2005 Since it belongs to the supernatural order, grace escapes our experience and cannot be known except by faith. We cannot therefore rely on our feelings or our works to conclude that we are justified and saved. However, according to the Lord's words "Thus you will know them by their fruits" - reflection on God's blessings in our life and in the lives of the saints offers us a guarantee that grace is at work in us and spurs us on to an ever greater faith and an attitude of trustful poverty.
A pleasing illustration of this attitude is found in the reply of St. Joan of Arc to a question posed as a trap by her ecclesiastical judges: "Asked if she knew that she was in God's grace, she replied: 'If I am not, may it please God to put me in it; if I am, may it please God to keep me there.'"

There is more to this chapter, but time didn’t allow Father to talk about the Golden Rule, how the Christian faith rests on the authority of the risen Christ (see CCC 651) and how the disciples were chosen to pass on His ministry (see CCC 551).
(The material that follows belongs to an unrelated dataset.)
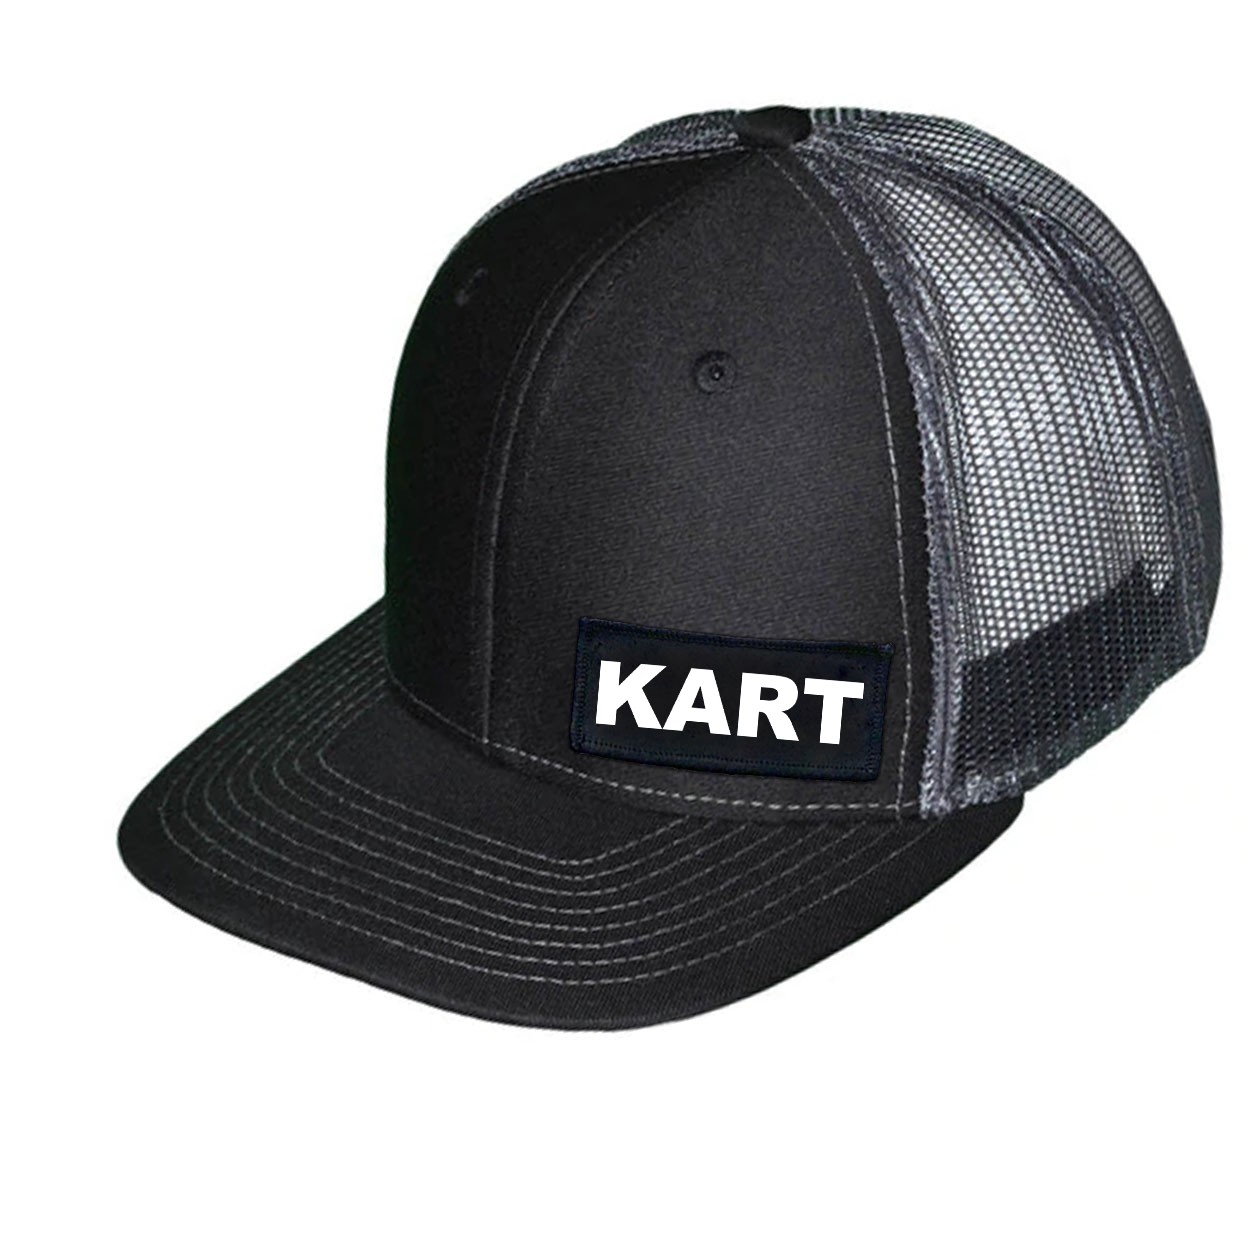 Kart Brand Logo Night Out Woven Patch Snapback Trucker Hat Black/Gray

We learned in our small group that there are five parts of the Sermon on the Mount:
The Beatitudes
The Six Antitheses
Principles of Piety
Care of this World
The Way to Life

"Every one then who hears these words of mind and does them will be like a wise man who built his house upon the rock; and the rain fell, and the floods came, and the winds blew and beat upon that house, but it did not fall, because it had been founded on the rock." - (Mat 7:24)

As St. James says (James 1:22-25), “be doers of the word, and not hearers only.”